- **EXERCISE AIM**
Full transcription, minus images: write out the listing below exactly as it appears.

Segment Start: INPUT DATA

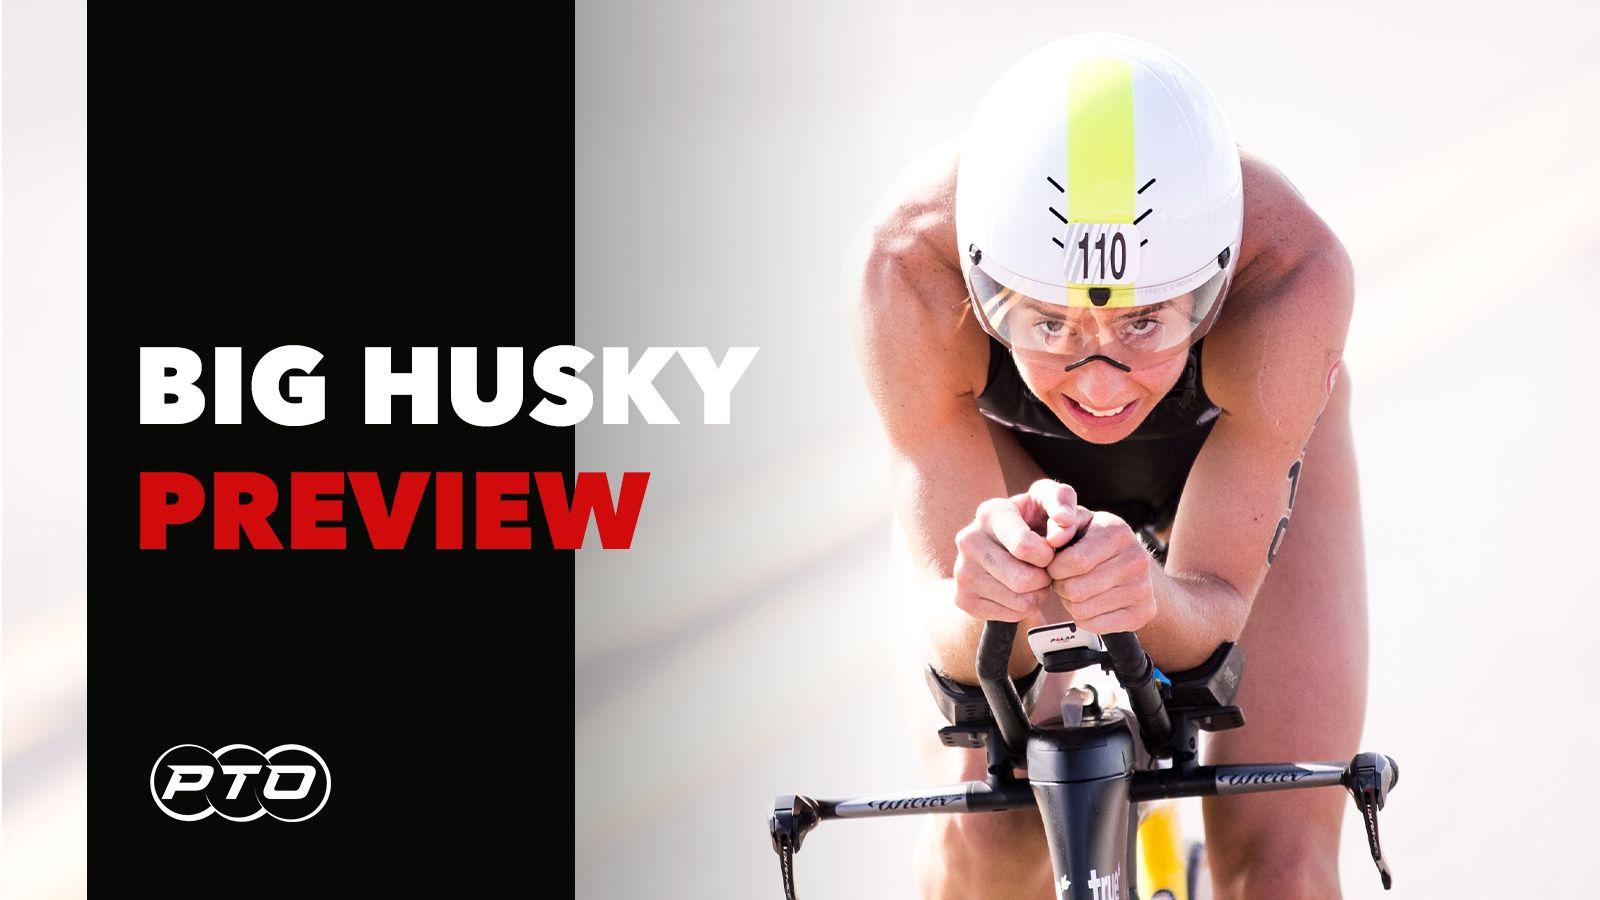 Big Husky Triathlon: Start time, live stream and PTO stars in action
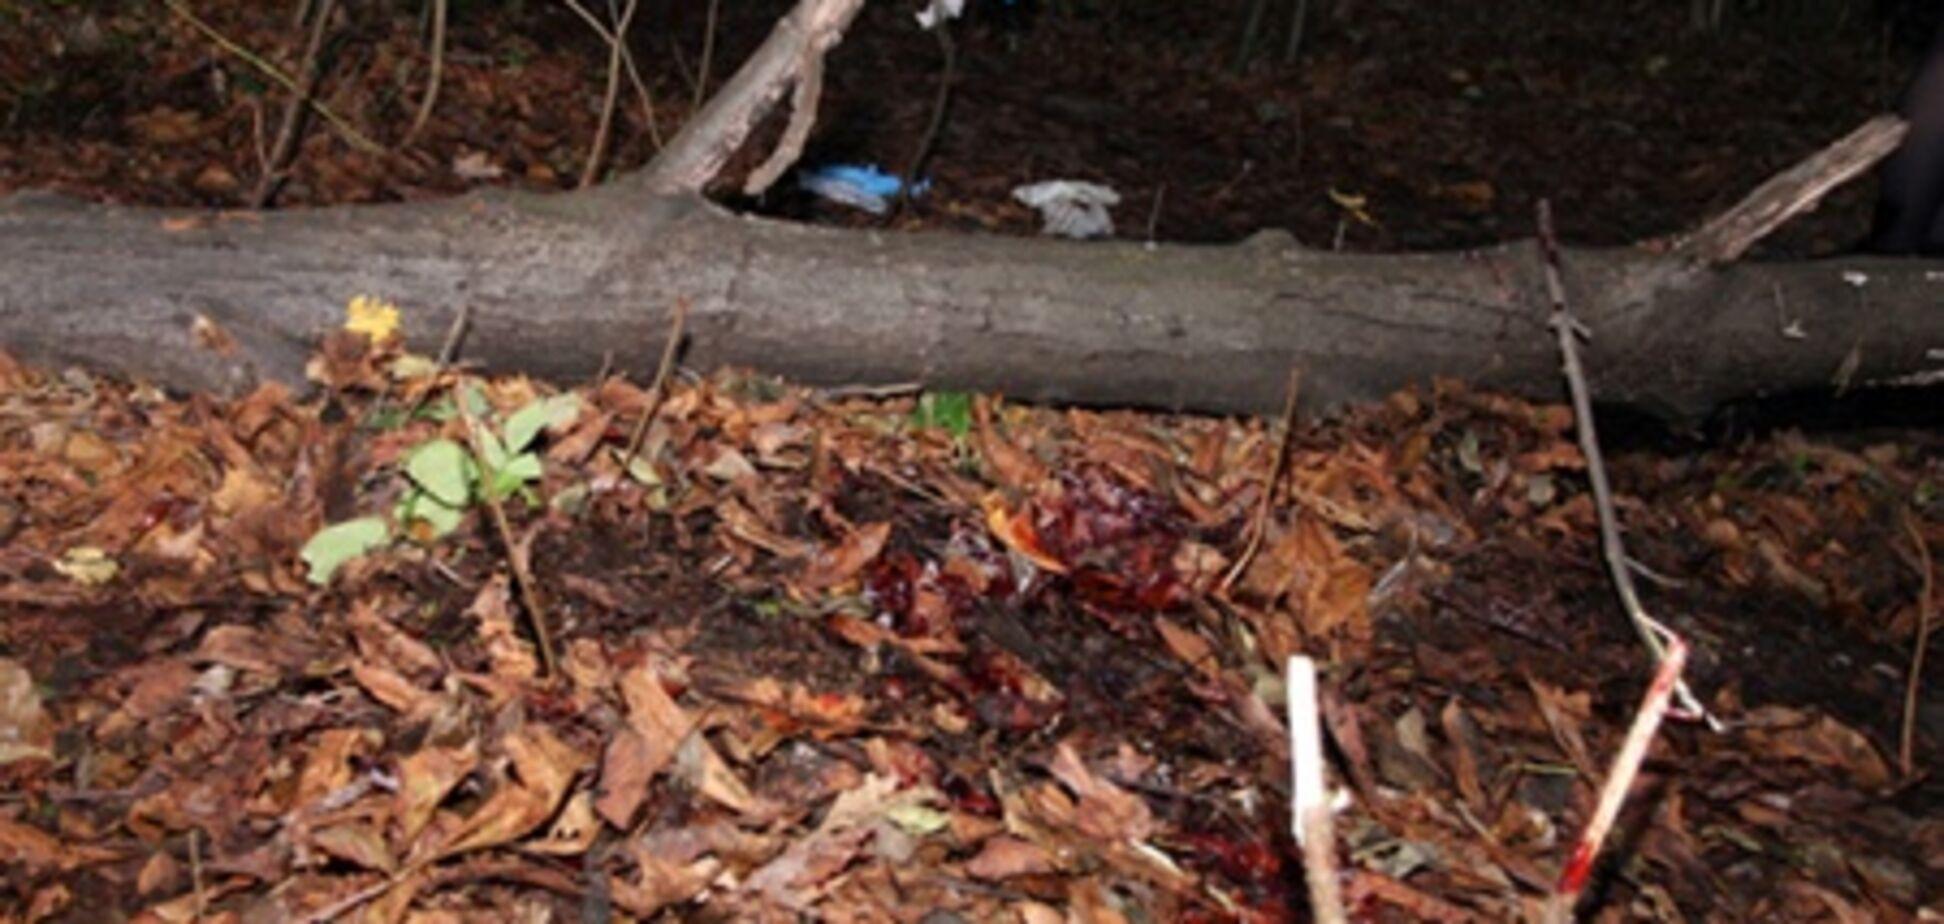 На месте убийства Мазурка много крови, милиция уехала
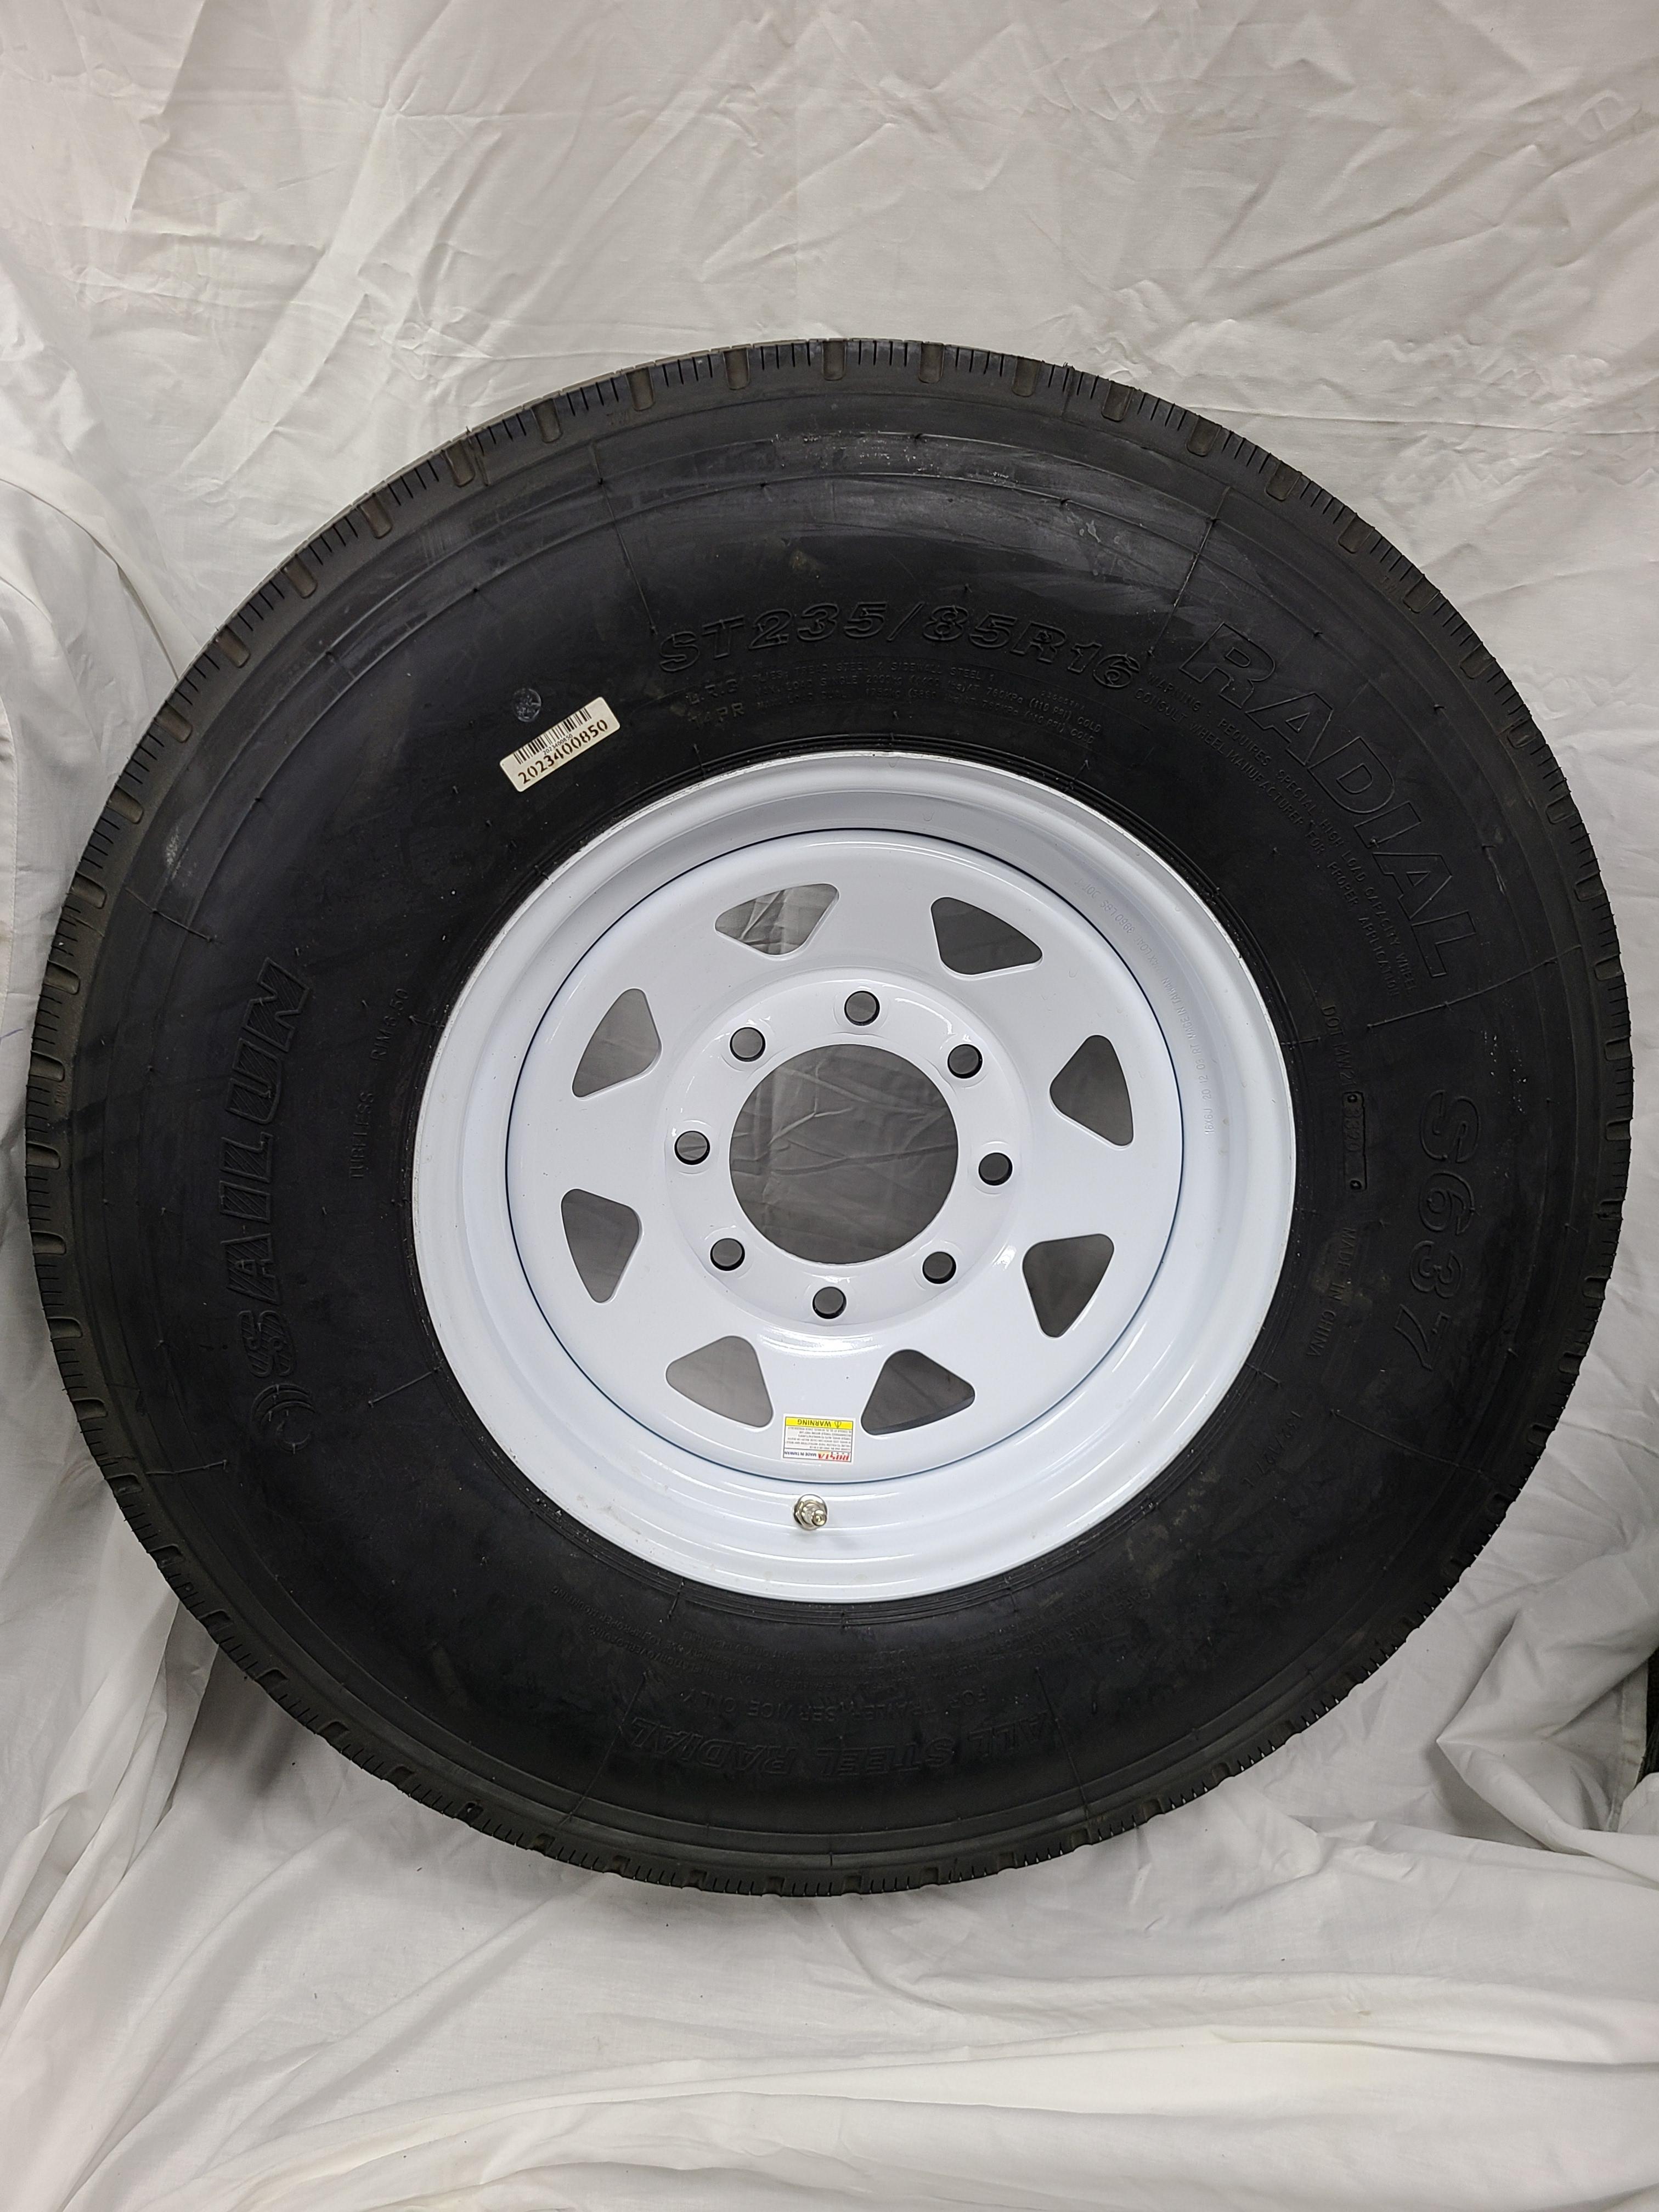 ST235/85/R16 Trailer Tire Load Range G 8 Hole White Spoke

Segment End: INPUT DATA

- **EXERCISE RESPONSE**
 Big Husky Triathlon: Start time, live stream and PTO stars in action
 На месте убийства Мазурка много крови, милиция уехала
 ST235/85/R16 Trailer Tire Load Range G 8 Hole White Spoke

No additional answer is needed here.